* **The task**:
Start to finish, return the listing below exactly, pictures excluded.

* **Data shown**:
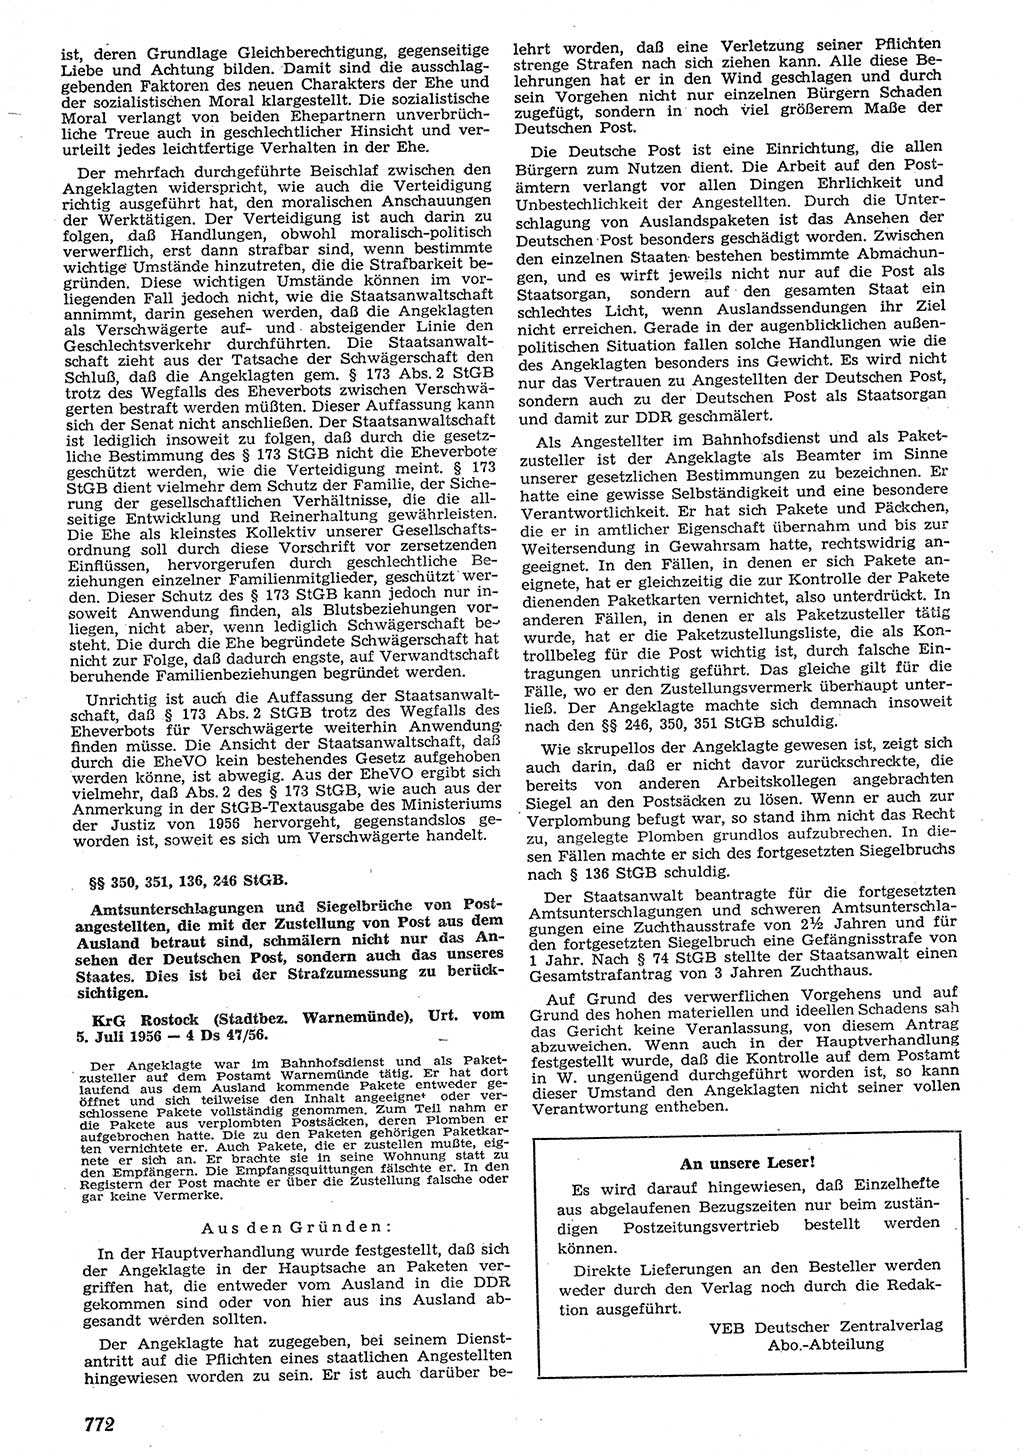 Neue Justiz (NJ), Zeitschrift für Recht und Rechtswissenschaft [Deutsche Demokratische Republik (DDR)], 10. Jahrgang 1956, Seite 772 (NJ DDR 1956, S. 772)
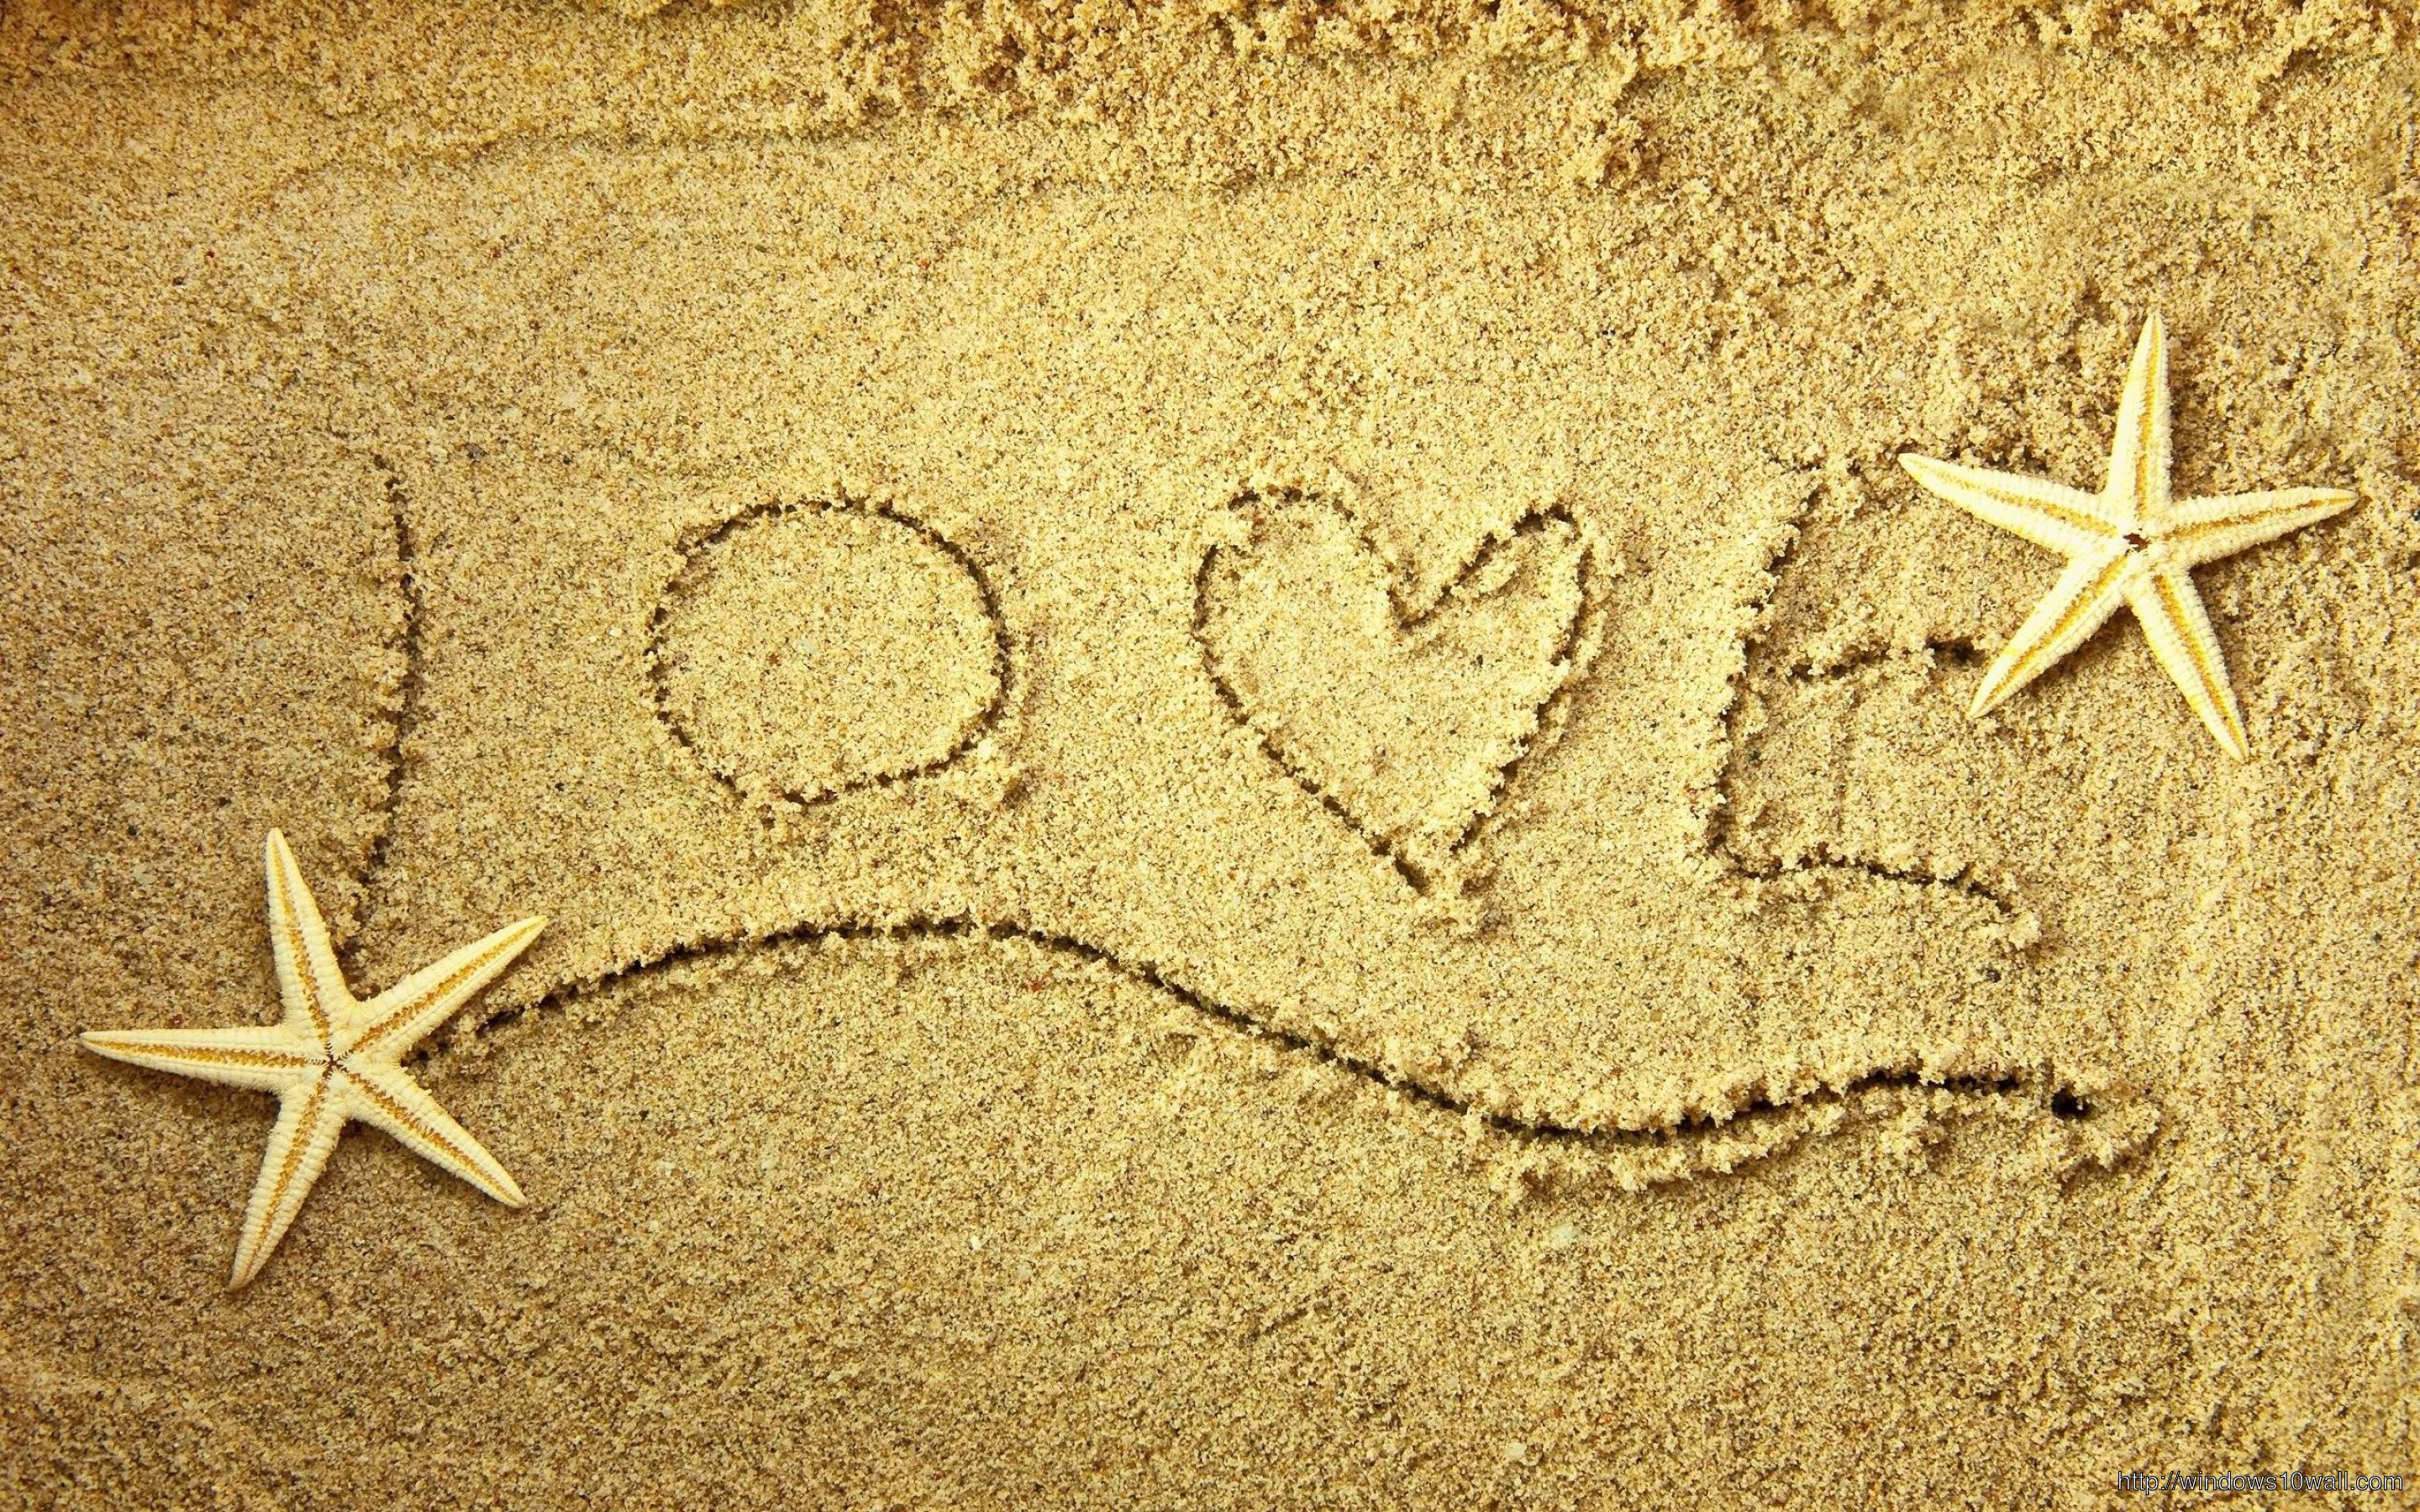 Love Written On Sand
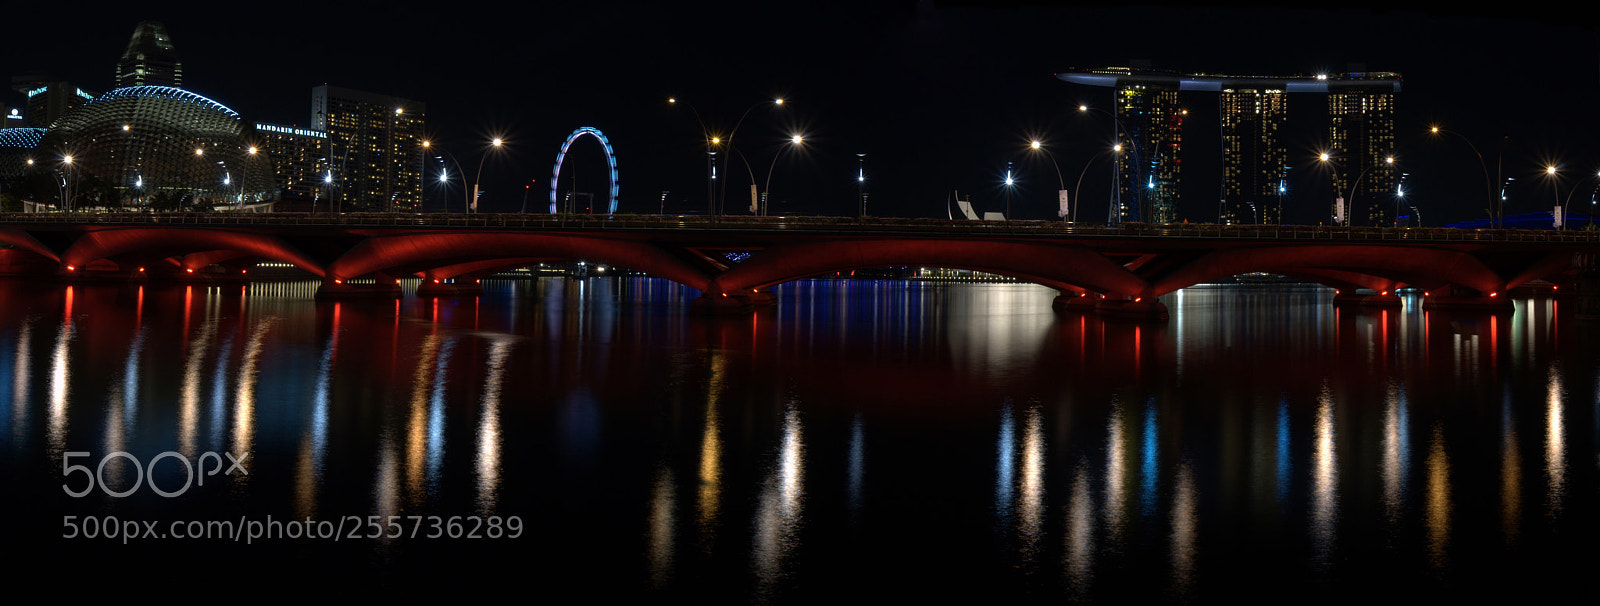 Nikon D7000 sample photo. Singapore river panorama photography
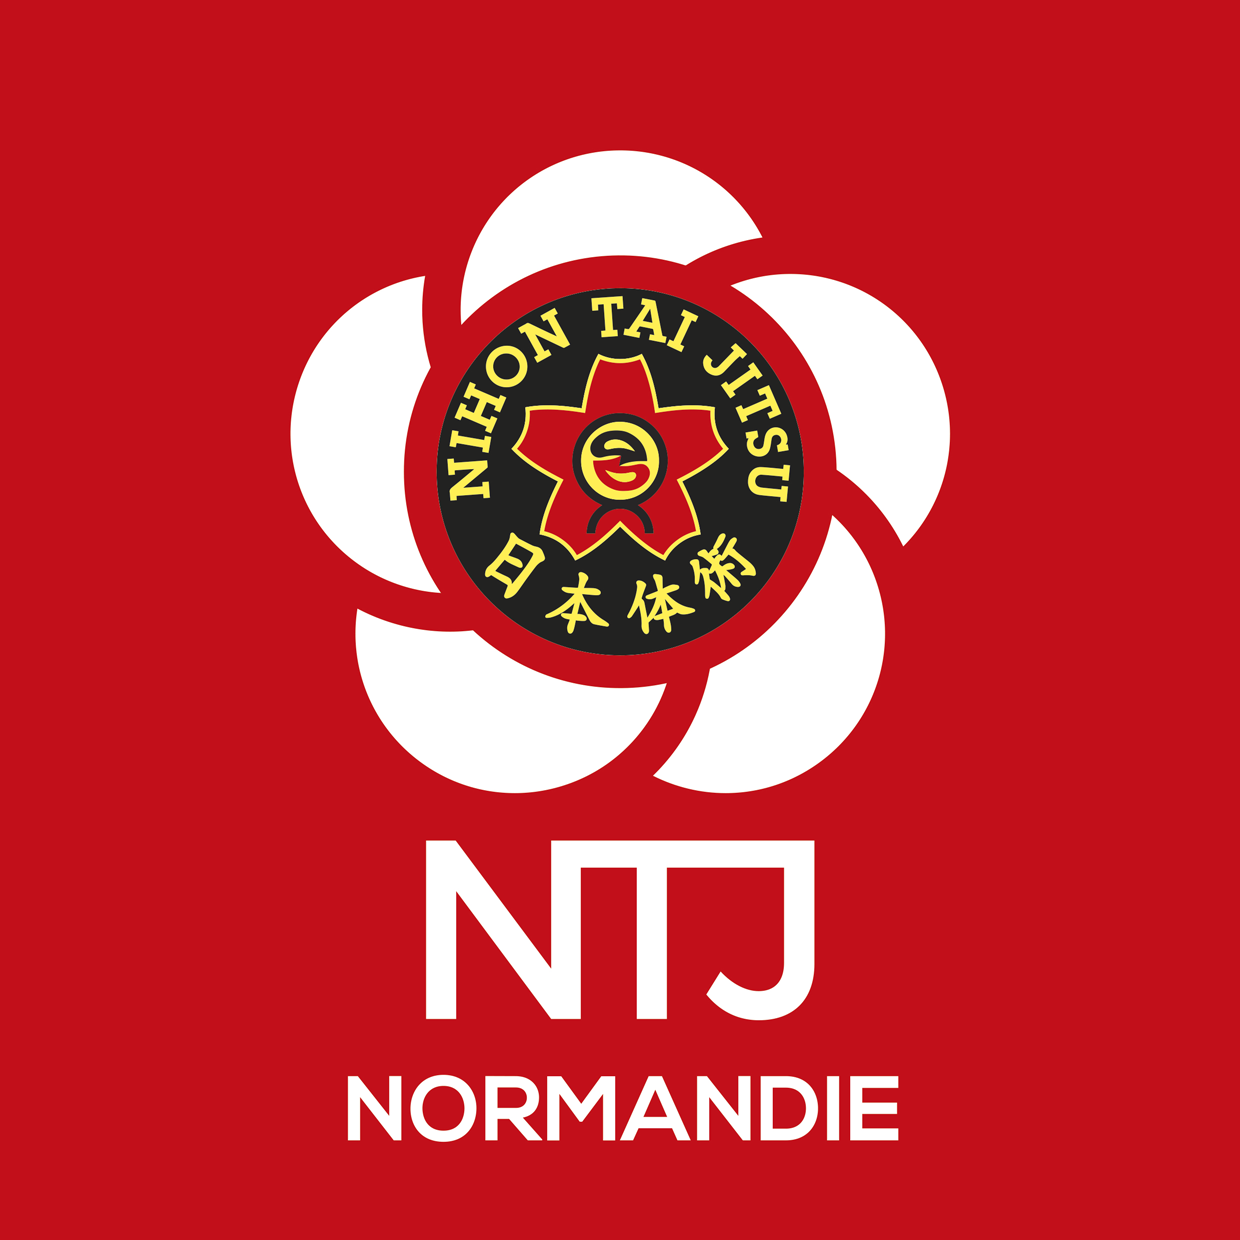 NTJ region NORMANDIE logo rvb

* **Response area**:
 Neue Justiz (NJ), Zeitschrift für Recht und Rechtswissenschaft [Deutsche Demokratische Republik (DDR)], 10. Jahrgang 1956, Seite 772 (NJ DDR 1956, S. 772)
 Love Written On Sand
 Nikon D7000 sample photo. Singapore river panorama photography
 NTJ region NORMANDIE logo rvb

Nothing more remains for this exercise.